Tickers in this article: VVUS ARNA

Updated with current stock price.

NEW YORK (TheStreet) -- Last month, Arena Pharmaceuticals(ARNA) received a positive vote from the FDA's Endocrinologic and Metabolic Drugs Advisory Committee for the use of lorcaserin to treat obesity. The company did an admirable job parrying panelists' questions and the FDA's skepticism and earned an 18-to-4 recommendation for approval, with one abstention. On Wednesday, Arena faces its next hurdle: the Prescription Drug User Fee Act (PDUFA) date for lorcaserin, better known as the FDA's approval decision date for the obesity drug.

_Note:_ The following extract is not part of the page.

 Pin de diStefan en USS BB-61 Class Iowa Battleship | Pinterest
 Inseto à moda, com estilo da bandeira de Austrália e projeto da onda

Lorcaserin might receive final approval this week, but I think a three-month delay or another complete response letter (CRL) is more likely. As I have said in the past, I expect the FDA will require a Risk Evaluation and Mitigation Strategy (REMS) to minimize inappropriate use of the drug and the risk of an unexpected safety debacle. (The sting of repeated obesity drug fiascos -- American Home Products' fenfluramine-phentermine, known as Fen-phen, and Abbott's(ABT) Meridia in the U.S., and Sanofi's(SNY) rimonabant in Europe -- won't go away any time soon.) Ultimately though, I think lorcaserin will be approved for sale in the US (and probably Europe, although a decision from European regulators won't come until early-to-mid 2013).

My advice to lorcaserin bulls would be to cherish the moment but sell the stock. (Some investors are doing just that; Arena shares fell 15% Friday after and another 1% Monday after nearly tripling since the FDA panel.) This is as good as it gets. If you're one of the lucky few that can find shares to borrow, congrats -- you've got a good short.

I doubt lorcaserin will be the mega-blockbuster that bulls expect. History is on my side -- no obesity drug has ever even come close to reaching $1 billion in US sales -- and the company's clinical data contain some worrisome red flags. (Admittedly, I didn't think lorcaserin would be approved until after I read the FDA briefing documents; the comments section will likely overflow with vitriol from those who wrongly think that background disqualifies my opinion.)